> _Work instruction_
Go to the line in the entries below that holds "В этом видео" and repeat exactly from there through the line that holds "Farbe 6, gelb", inclusive.

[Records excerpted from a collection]

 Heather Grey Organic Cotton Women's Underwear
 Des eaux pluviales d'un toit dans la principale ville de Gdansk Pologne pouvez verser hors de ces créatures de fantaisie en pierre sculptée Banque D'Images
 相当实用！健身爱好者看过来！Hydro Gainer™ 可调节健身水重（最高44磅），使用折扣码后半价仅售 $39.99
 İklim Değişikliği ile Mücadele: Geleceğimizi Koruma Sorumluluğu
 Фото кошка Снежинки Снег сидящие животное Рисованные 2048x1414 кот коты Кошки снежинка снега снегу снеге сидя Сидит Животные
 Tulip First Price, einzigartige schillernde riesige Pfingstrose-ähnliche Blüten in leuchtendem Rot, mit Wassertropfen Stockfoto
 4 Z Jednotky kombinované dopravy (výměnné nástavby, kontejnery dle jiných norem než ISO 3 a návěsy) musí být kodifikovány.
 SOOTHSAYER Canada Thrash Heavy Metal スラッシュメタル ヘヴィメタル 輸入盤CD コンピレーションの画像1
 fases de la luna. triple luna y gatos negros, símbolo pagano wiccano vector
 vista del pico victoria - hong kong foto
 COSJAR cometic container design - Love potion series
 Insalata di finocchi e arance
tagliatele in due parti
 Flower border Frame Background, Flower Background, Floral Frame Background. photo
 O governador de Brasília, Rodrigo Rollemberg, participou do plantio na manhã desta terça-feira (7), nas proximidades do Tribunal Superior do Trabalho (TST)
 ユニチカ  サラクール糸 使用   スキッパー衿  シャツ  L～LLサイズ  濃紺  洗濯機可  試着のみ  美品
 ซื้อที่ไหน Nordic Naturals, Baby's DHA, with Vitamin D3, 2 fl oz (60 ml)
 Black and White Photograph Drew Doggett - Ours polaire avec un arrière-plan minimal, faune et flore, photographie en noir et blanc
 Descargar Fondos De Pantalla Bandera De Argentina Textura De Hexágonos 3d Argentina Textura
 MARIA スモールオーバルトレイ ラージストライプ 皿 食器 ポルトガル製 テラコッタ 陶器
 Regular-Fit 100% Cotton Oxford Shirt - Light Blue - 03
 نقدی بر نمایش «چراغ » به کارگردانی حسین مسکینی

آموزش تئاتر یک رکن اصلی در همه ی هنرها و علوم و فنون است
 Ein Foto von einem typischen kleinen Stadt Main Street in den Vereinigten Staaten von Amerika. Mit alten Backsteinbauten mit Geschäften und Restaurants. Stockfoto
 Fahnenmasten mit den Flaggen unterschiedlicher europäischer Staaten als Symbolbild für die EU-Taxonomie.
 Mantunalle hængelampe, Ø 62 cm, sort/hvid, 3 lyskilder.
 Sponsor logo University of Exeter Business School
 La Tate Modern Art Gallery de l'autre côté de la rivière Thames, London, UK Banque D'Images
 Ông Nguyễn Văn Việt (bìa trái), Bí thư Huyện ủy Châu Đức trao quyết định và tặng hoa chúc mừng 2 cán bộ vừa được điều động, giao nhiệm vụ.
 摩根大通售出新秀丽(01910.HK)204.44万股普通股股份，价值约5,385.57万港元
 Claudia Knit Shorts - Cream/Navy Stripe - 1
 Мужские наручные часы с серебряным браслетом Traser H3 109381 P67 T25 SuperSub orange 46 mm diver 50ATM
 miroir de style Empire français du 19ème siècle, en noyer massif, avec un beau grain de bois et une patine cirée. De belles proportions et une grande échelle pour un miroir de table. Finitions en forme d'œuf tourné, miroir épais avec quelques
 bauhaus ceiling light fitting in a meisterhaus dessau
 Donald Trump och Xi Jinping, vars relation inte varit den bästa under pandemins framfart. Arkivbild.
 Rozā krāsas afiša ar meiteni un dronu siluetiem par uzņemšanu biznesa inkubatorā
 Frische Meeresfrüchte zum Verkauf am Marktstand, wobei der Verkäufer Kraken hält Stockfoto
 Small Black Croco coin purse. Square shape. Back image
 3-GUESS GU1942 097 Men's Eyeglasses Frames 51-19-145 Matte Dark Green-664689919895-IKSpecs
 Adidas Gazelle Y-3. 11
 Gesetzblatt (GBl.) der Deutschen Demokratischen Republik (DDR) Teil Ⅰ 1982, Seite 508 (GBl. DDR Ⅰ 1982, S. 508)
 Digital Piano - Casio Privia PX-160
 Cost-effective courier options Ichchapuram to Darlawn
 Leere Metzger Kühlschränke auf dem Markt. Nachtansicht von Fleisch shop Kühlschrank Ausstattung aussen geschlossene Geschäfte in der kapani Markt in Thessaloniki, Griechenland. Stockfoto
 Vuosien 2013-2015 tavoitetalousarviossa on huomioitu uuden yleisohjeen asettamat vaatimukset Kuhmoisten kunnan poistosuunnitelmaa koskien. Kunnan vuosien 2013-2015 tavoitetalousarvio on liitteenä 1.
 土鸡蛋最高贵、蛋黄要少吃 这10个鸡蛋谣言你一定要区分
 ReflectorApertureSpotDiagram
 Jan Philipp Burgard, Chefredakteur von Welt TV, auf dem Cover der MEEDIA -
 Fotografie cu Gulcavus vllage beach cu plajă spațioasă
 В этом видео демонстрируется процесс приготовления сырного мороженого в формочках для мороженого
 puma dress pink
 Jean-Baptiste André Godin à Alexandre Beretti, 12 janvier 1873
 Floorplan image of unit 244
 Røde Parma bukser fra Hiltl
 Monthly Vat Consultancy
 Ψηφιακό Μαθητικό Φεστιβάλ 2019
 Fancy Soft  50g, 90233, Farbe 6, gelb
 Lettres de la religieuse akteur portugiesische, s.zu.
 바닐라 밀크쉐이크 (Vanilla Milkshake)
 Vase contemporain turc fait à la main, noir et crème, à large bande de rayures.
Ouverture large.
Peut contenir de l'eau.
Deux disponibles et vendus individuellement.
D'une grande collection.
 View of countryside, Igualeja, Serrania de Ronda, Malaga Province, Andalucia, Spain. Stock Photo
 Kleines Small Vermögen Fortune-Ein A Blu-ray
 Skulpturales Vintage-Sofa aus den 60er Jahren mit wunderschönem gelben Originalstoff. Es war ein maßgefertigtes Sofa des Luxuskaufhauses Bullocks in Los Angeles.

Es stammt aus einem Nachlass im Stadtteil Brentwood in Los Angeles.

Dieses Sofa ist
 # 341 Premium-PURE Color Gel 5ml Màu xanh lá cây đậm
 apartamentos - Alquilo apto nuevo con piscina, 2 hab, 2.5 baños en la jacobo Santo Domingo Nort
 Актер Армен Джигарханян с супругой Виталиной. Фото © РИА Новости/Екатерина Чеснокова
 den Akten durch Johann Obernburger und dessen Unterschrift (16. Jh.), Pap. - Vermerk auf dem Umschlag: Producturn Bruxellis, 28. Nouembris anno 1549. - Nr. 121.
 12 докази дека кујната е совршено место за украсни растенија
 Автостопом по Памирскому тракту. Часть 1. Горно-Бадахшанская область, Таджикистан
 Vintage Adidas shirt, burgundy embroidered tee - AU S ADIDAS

> _Answer box_
 В этом видео демонстрируется процесс приготовления сырного мороженого в формочках для мороженого
 puma dress pink
 Jean-Baptiste André Godin à Alexandre Beretti, 12 janvier 1873
 Floorplan image of unit 244
 Røde Parma bukser fra Hiltl
 Monthly Vat Consultancy
 Ψηφιακό Μαθητικό Φεστιβάλ 2019
 Fancy Soft  50g, 90233, Farbe 6, gelb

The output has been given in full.